- The paper introduces a novel approach using adaptive temporal targets and efficiency-weighted self-imitation replay to enhance learning speed and behavioral efficiency.
- The paper's methodology integrates on-policy PPO with an auxiliary replay buffer to outperform baseline methods on long-horizon robotic tasks.
- Empirical results on Meta-World benchmarks show that TSIL achieves high success rates, improved sample efficiency, and reduced episode completion times.
Temporal Self-Imitation Learning (TSIL) introduces a reinforcement learning (RL) framework structured to mine and leverage temporally efficient successful trajectories for robot manipulation. The motivation arises from observations that standard reward-shaped RL, even with dense rewards and success signals, can drive agents toward task completion without guaranteeing behavioral efficiency or robustness. Agents frequently discover rare efficient behaviors during training but tend to discard them in subsequent updates, particularly in long-horizon manipulation regimes characterized by reward distraction, distribution shift, or unstable optimization. The paper clearly distinguishes between mere task success and temporally efficient task completion as separate evaluative axes, positing temporal efficiency as an underutilized self-supervisory signal.
Methodological Innovations
TSIL is structured around two principal mechanisms: adaptive temporal targets and efficiency-weighted self-imitation.

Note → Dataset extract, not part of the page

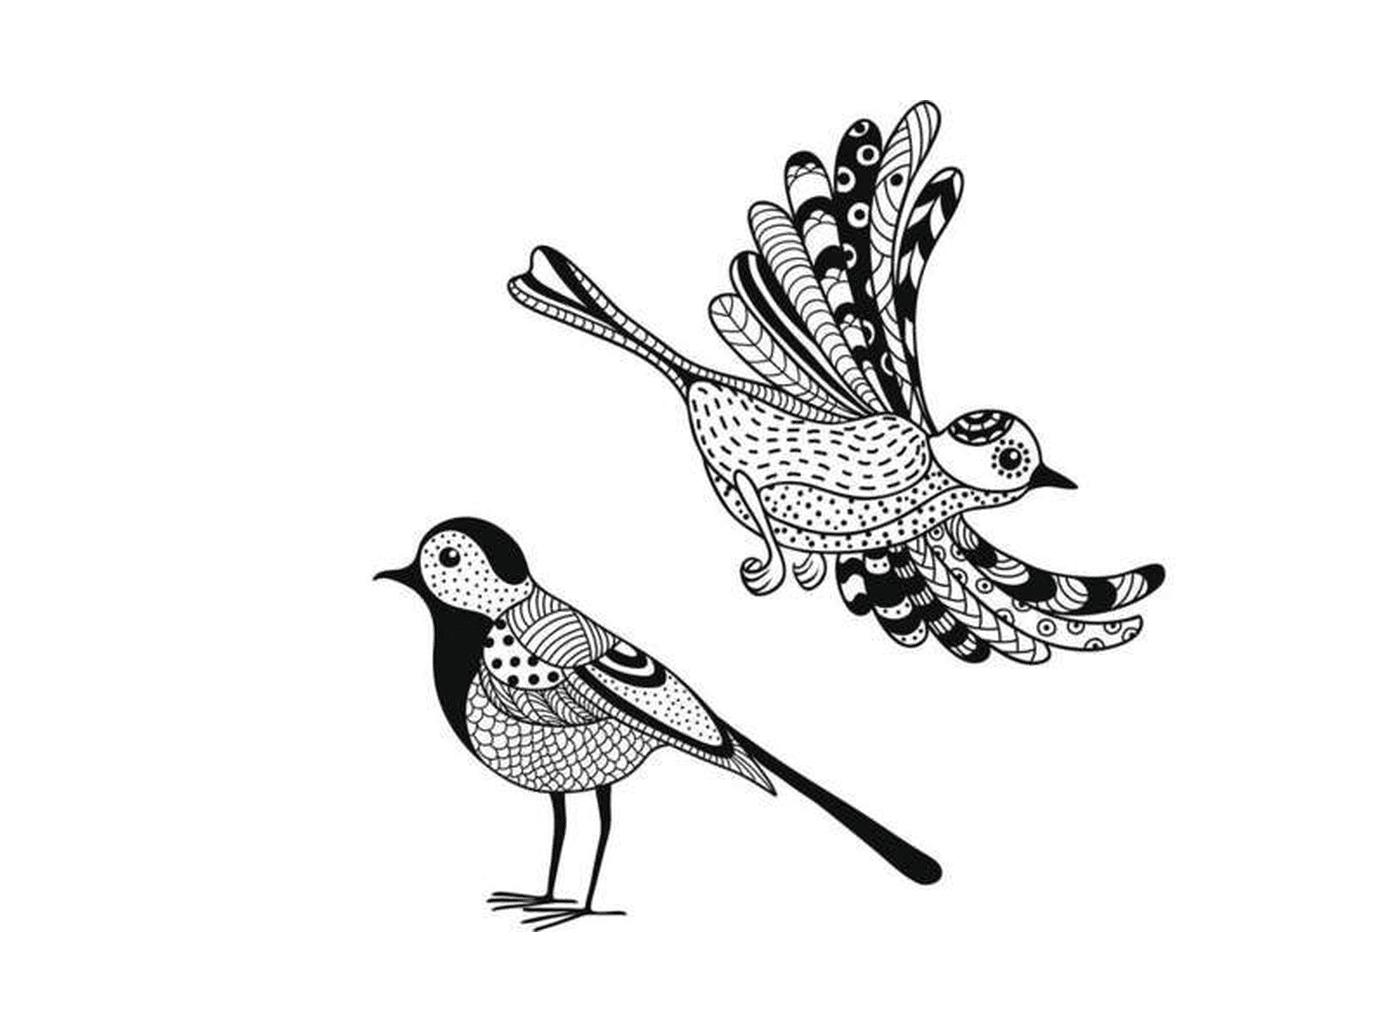  два черно-белых рисунка птицы

- Configuration-Conditioned Adaptive Temporal Targets: Rather than imposing global timing constraints or penalizing per-step duration, TSIL maintains a per-configuration temporal target reflecting the fastest successful trajectory for each particular environment instantiation. This target is dynamically updated as faster behaviors emerge, conditioning both observations and reward structure. The temporal target acts not as a hard constraint but as an adaptive bias on the policy, shaping reinforcement toward faster solutions while preserving the incentive for task completion.
- Efficiency-Weighted Self-Imitation Replay: TSIL supplements on-policy PPO with a replay buffer that retains the top-k fastest successful trajectories for each configuration. Replay is trajectory-level, relabeled according to the latest temporal target, and weighted by completion speed. Imitation updates are gated by advantage gaps and prioritized by speed, as opposed to generic high-return replay which favors reward but may preserve suboptimal behavior.
Crucially, TSIL does not modify the PPO algorithm itself; it augments the policy update by conditioning input and reward and integrates an auxiliary imitation loss over the temporally prioritized buffer.
Empirical Evaluation and Numerical Results
TSIL was evaluated on 15 long-horizon tasks from the Meta-World benchmark using the Isaac Gym robotic simulator. Comparative baselines included dense reward PPO (IH), per-step penalties (Step-cost IH), dense-to-sparse reward schedules (D2S IH), fixed temporal targets (FTTL), adaptive targets without replay (ATTL), ATTL with standard self-imitation (ATTL+SIL), and TSIL.
Key numerical results:
- Final Success Rate: TSIL obtained a mean success rate of 0.986±0.022, outperforming all baselines.
- Sample Efficiency: TSIL consistently achieved highest area under the success curve (AUC), lowest steps-to-80% success, and greatest number of collected successful episodes.
- Behavioral Efficiency: TSIL produced lowest mean episode completion times for successful evaluation runs, indicating minimal wasted interaction.
- Robustness: Across policy gradient noise, reward dropout, aggressive PPO clipping, and learning rate sweeps, TSIL maintained strongest tradeoff between effectiveness, efficiency, and behavioral efficiency, anchoring optimization to fast successful behaviors and mitigating drift.
These results robustly support the claim that reward alone is insufficient to distinguish temporally efficient solutions from slower, reward-distracted trajectories.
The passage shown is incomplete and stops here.